# [The task]
Pictures aside, every line of the listing should be given again exactly.

# [The data]
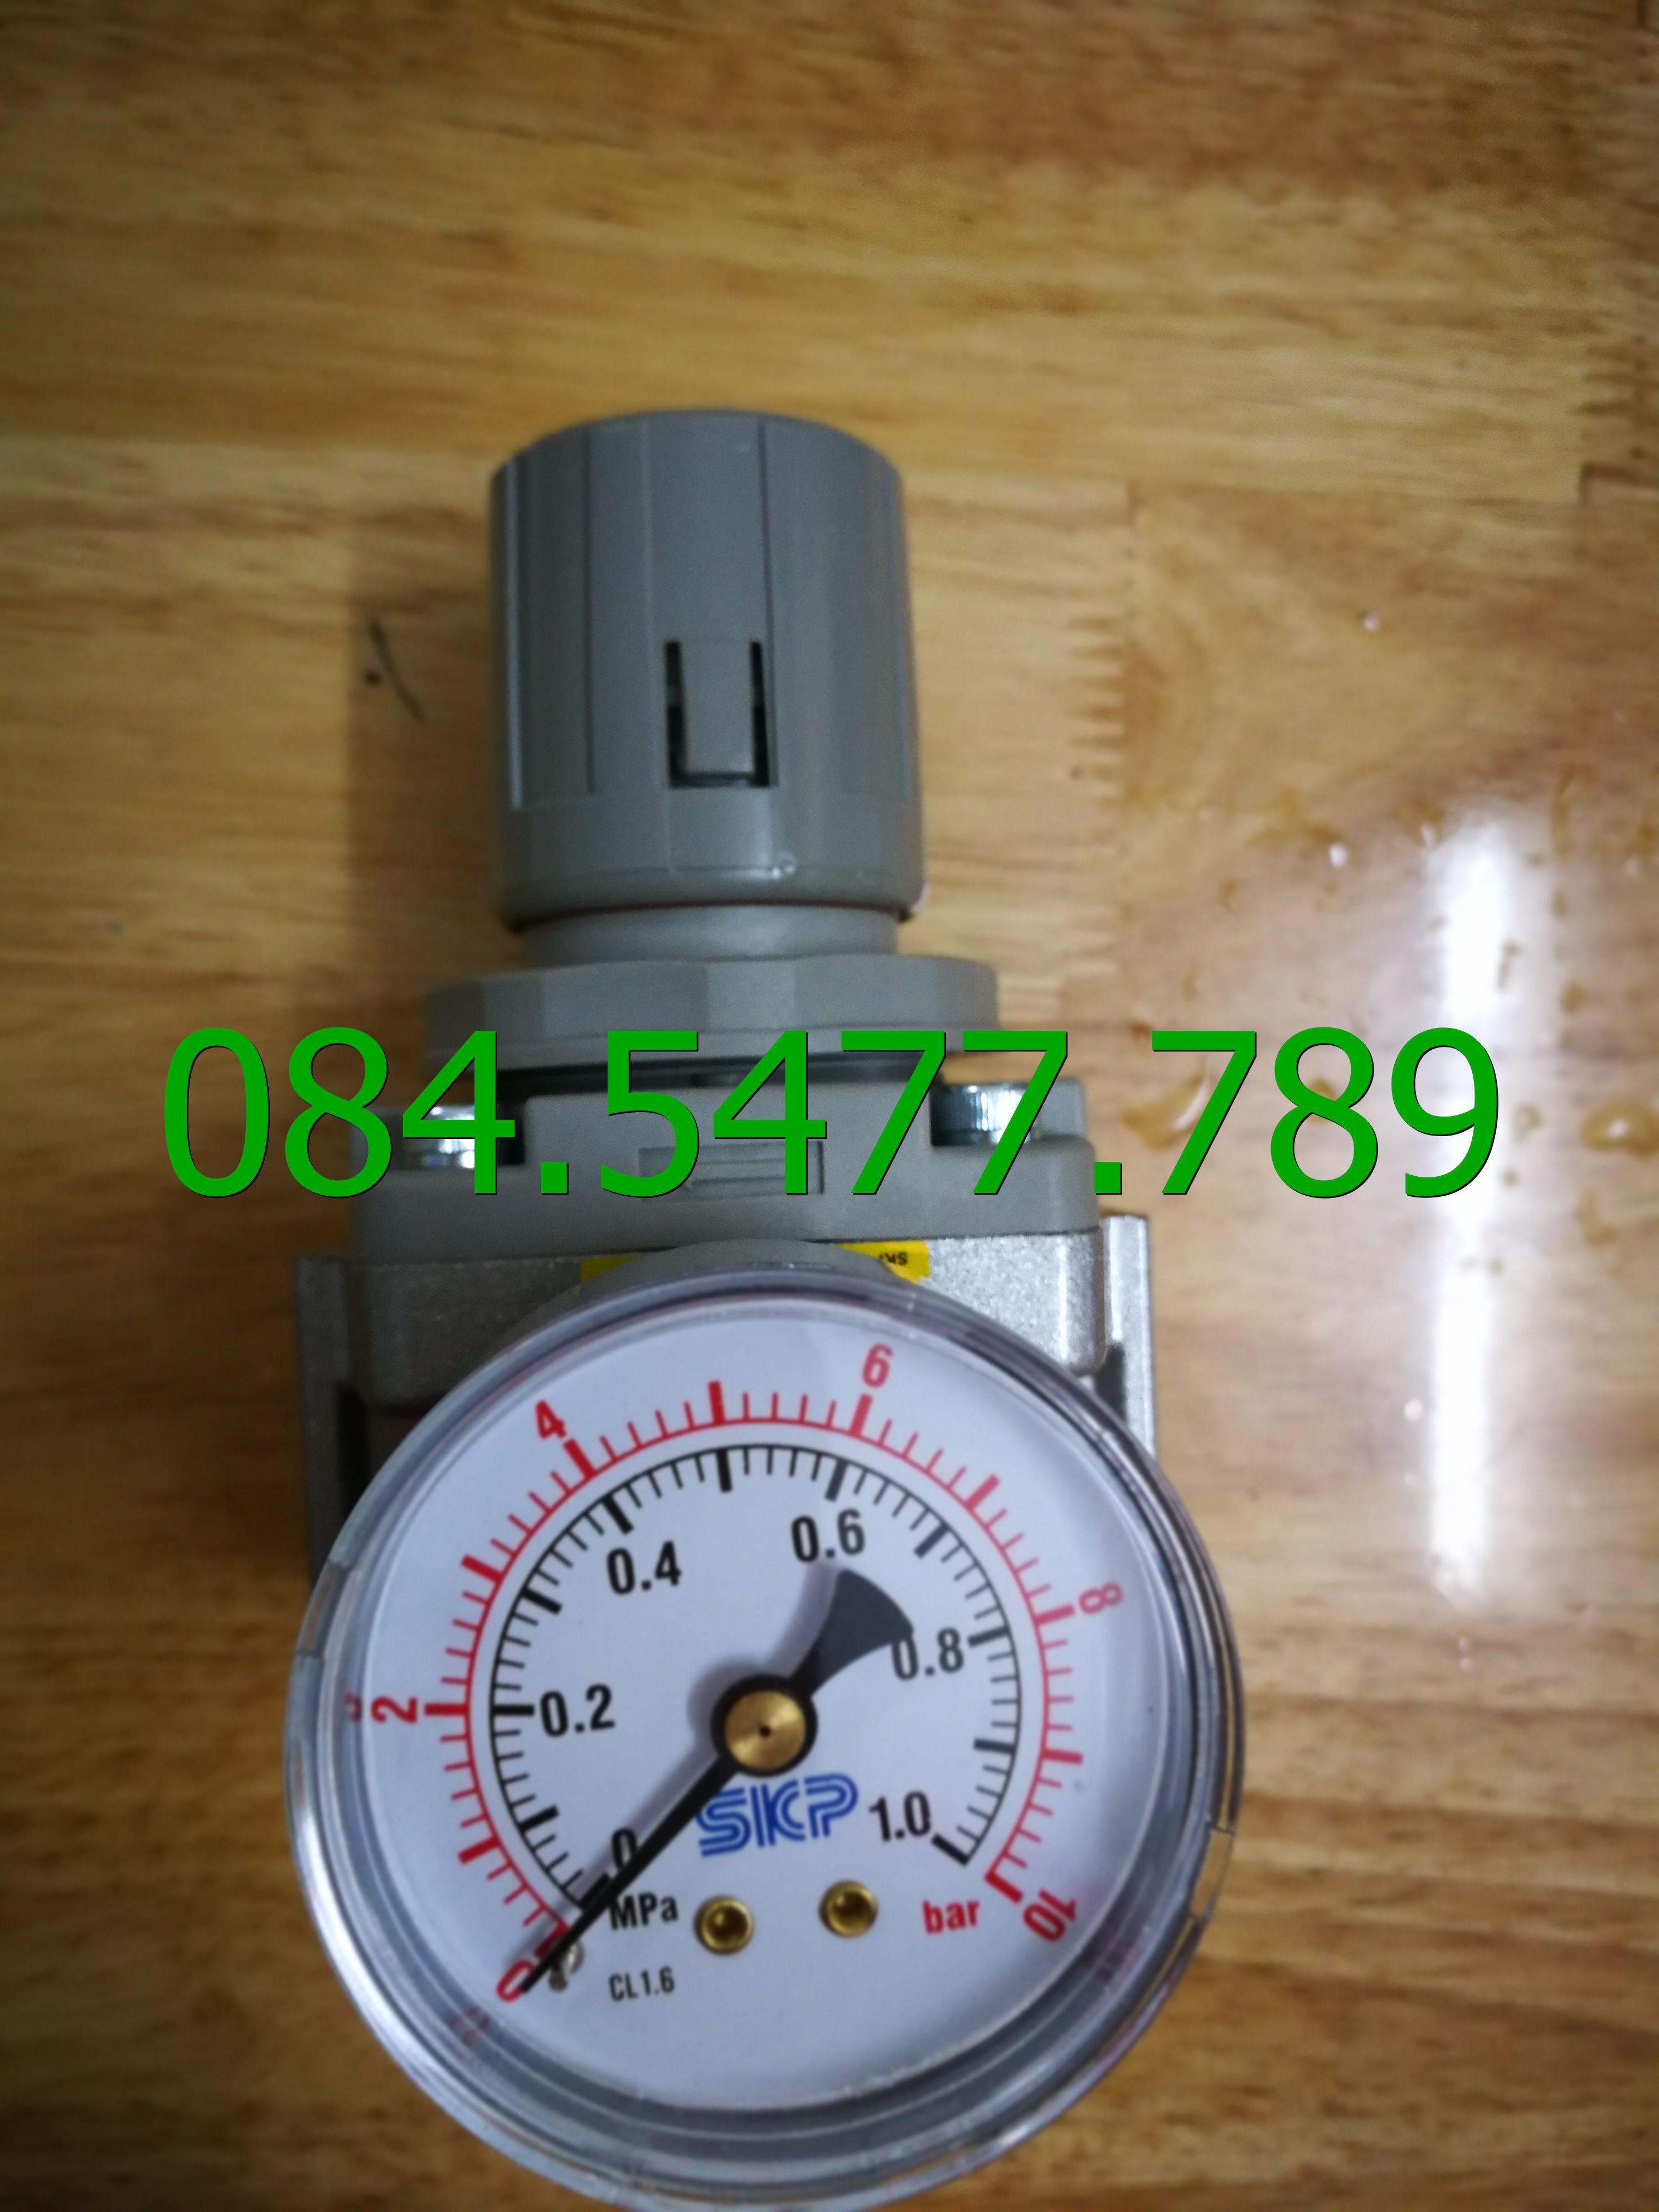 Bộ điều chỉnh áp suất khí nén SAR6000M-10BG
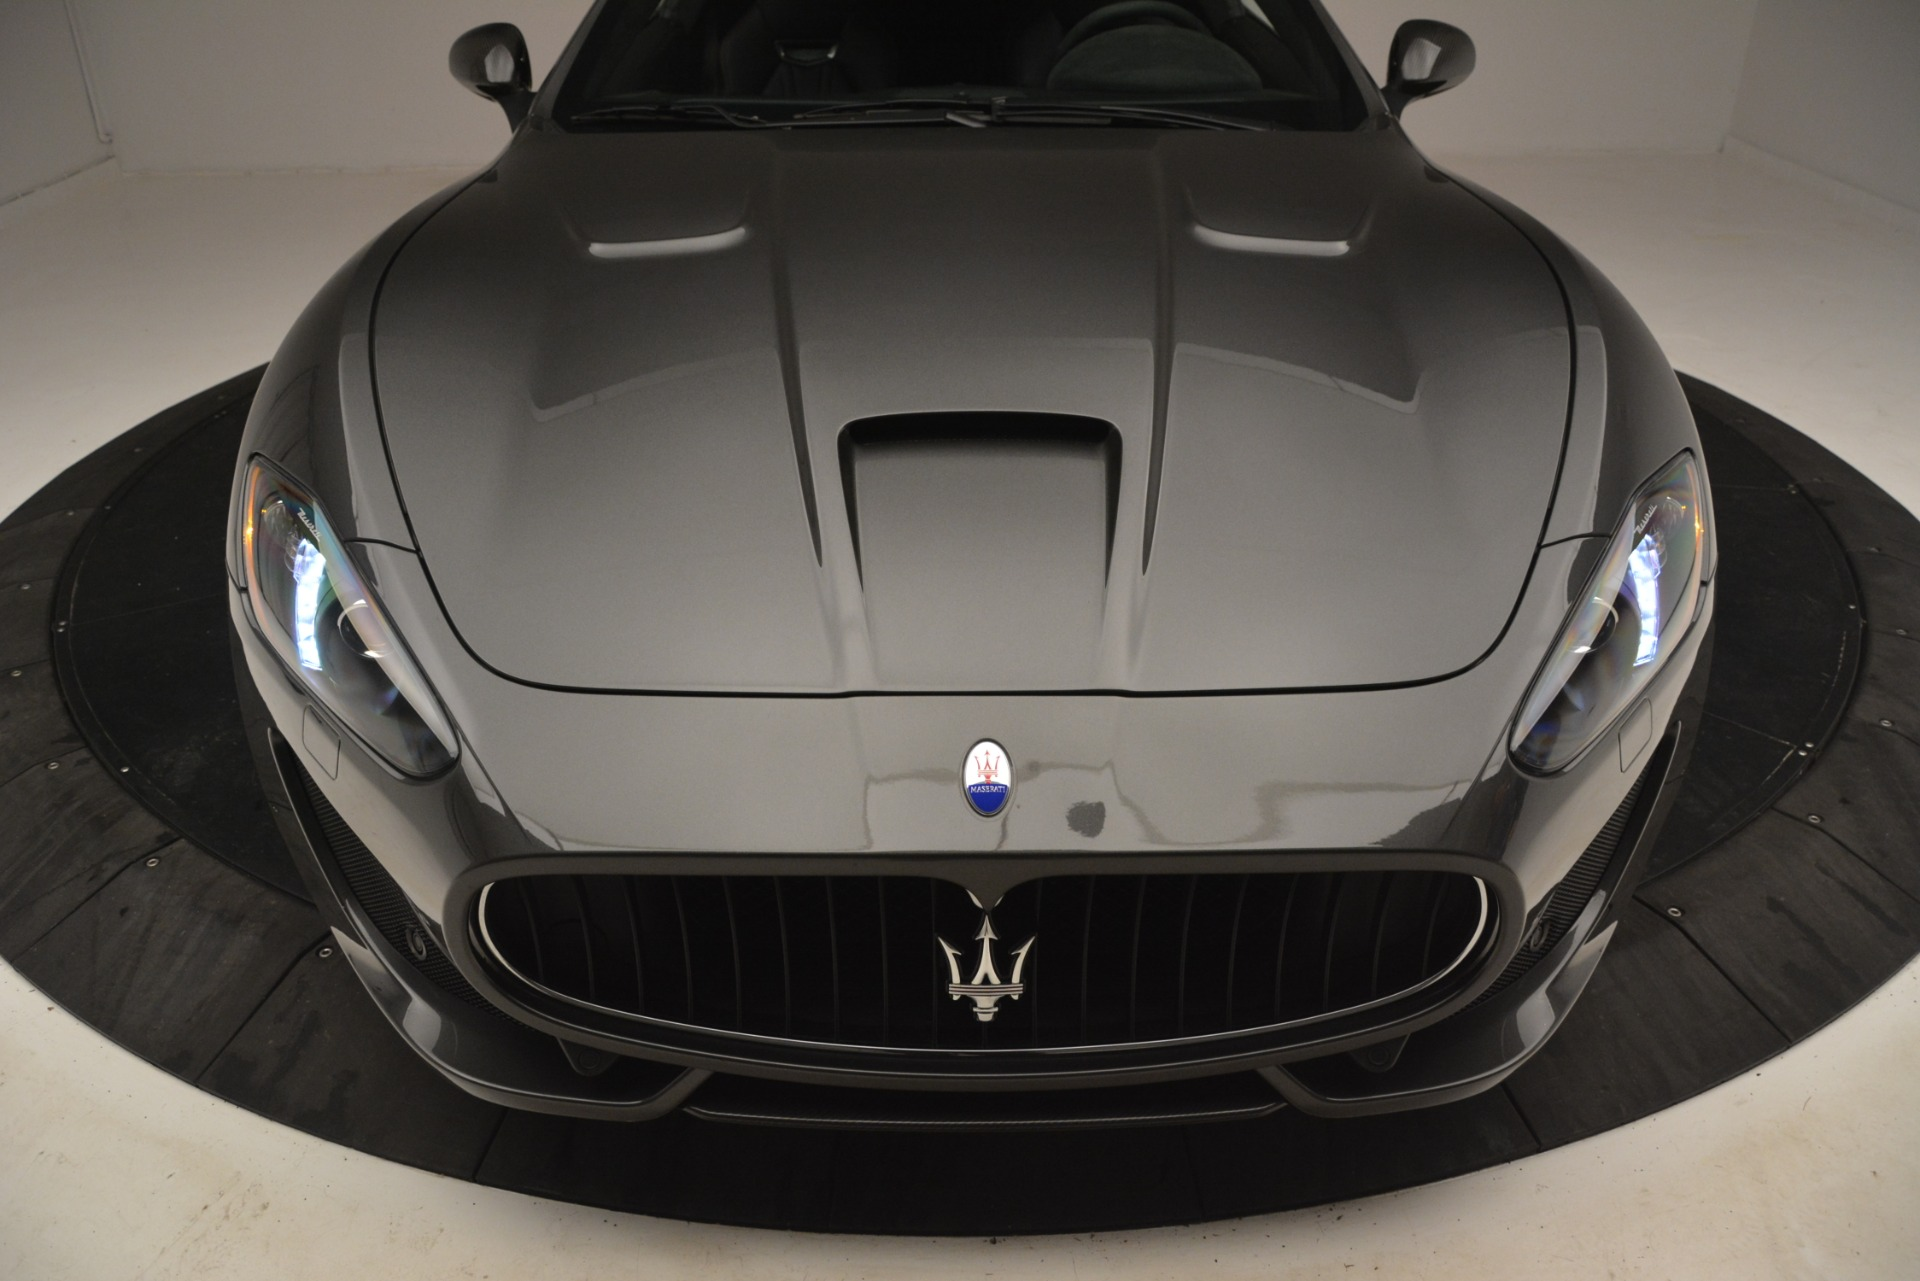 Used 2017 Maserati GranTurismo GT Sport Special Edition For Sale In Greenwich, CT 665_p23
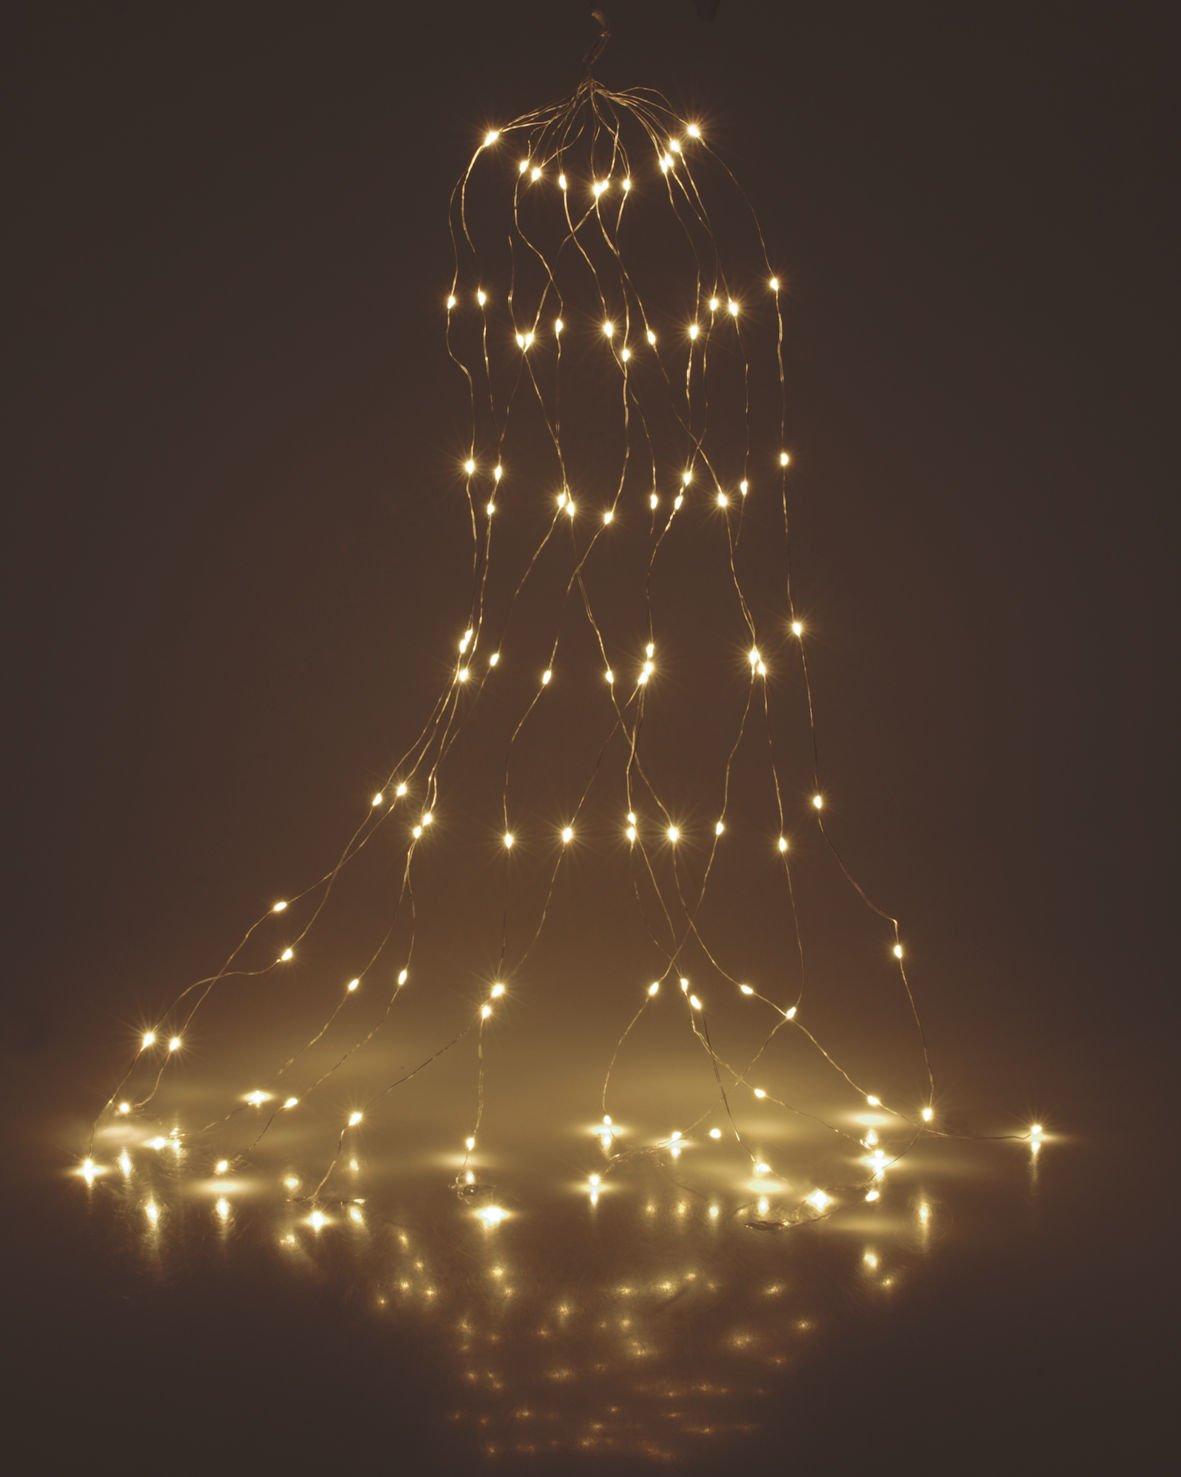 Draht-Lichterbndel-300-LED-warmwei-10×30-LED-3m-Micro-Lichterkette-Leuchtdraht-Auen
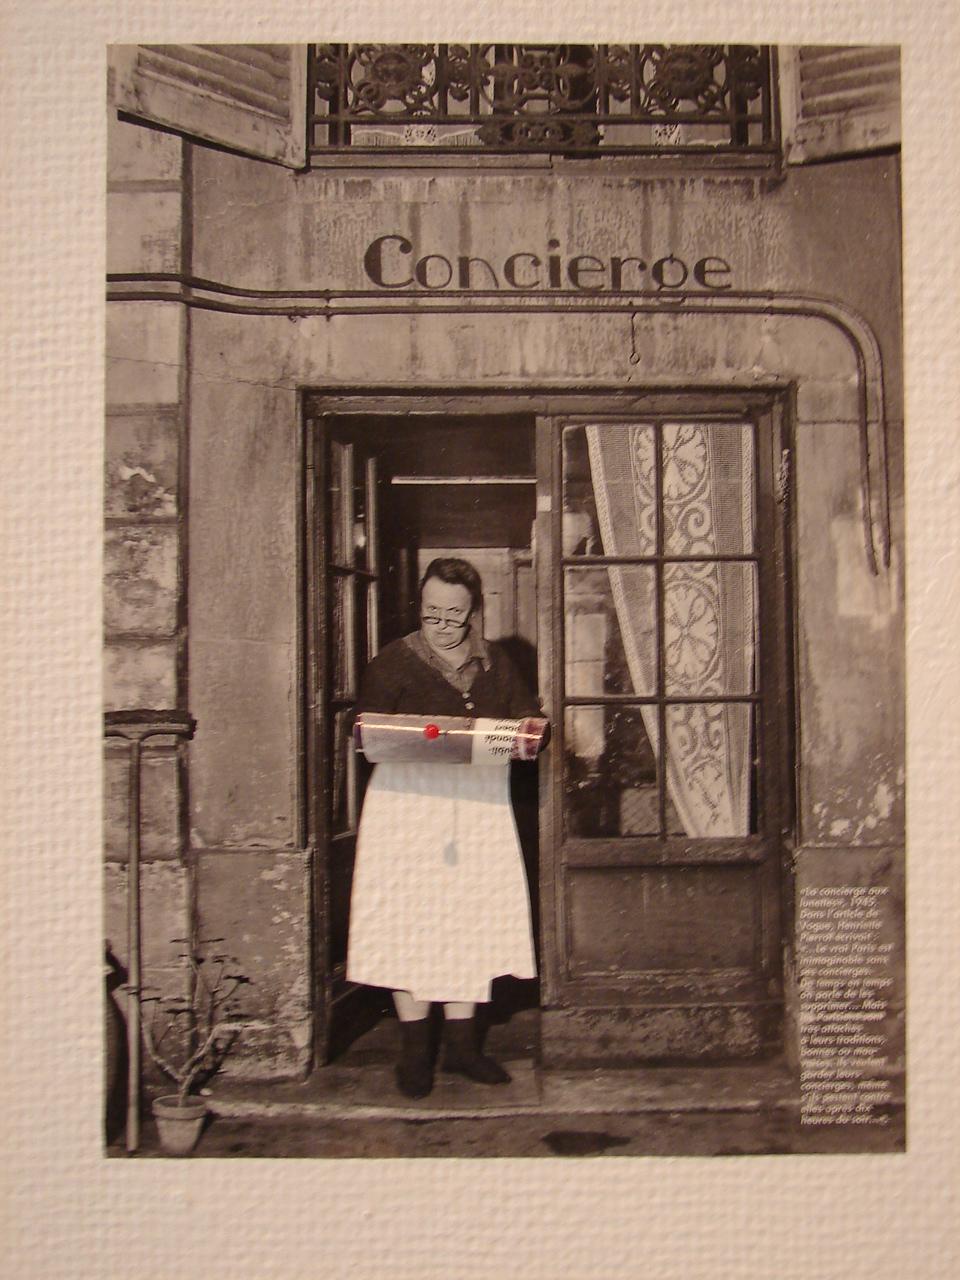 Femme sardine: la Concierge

# [Solved problem]
 Bộ điều chỉnh áp suất khí nén SAR6000M-10BG
 Used 2017 Maserati GranTurismo GT Sport Special Edition For Sale In Greenwich, CT 665_p23
 Draht-Lichterbndel-300-LED-warmwei-10×30-LED-3m-Micro-Lichterkette-Leuchtdraht-Auen
 Femme sardine: la Concierge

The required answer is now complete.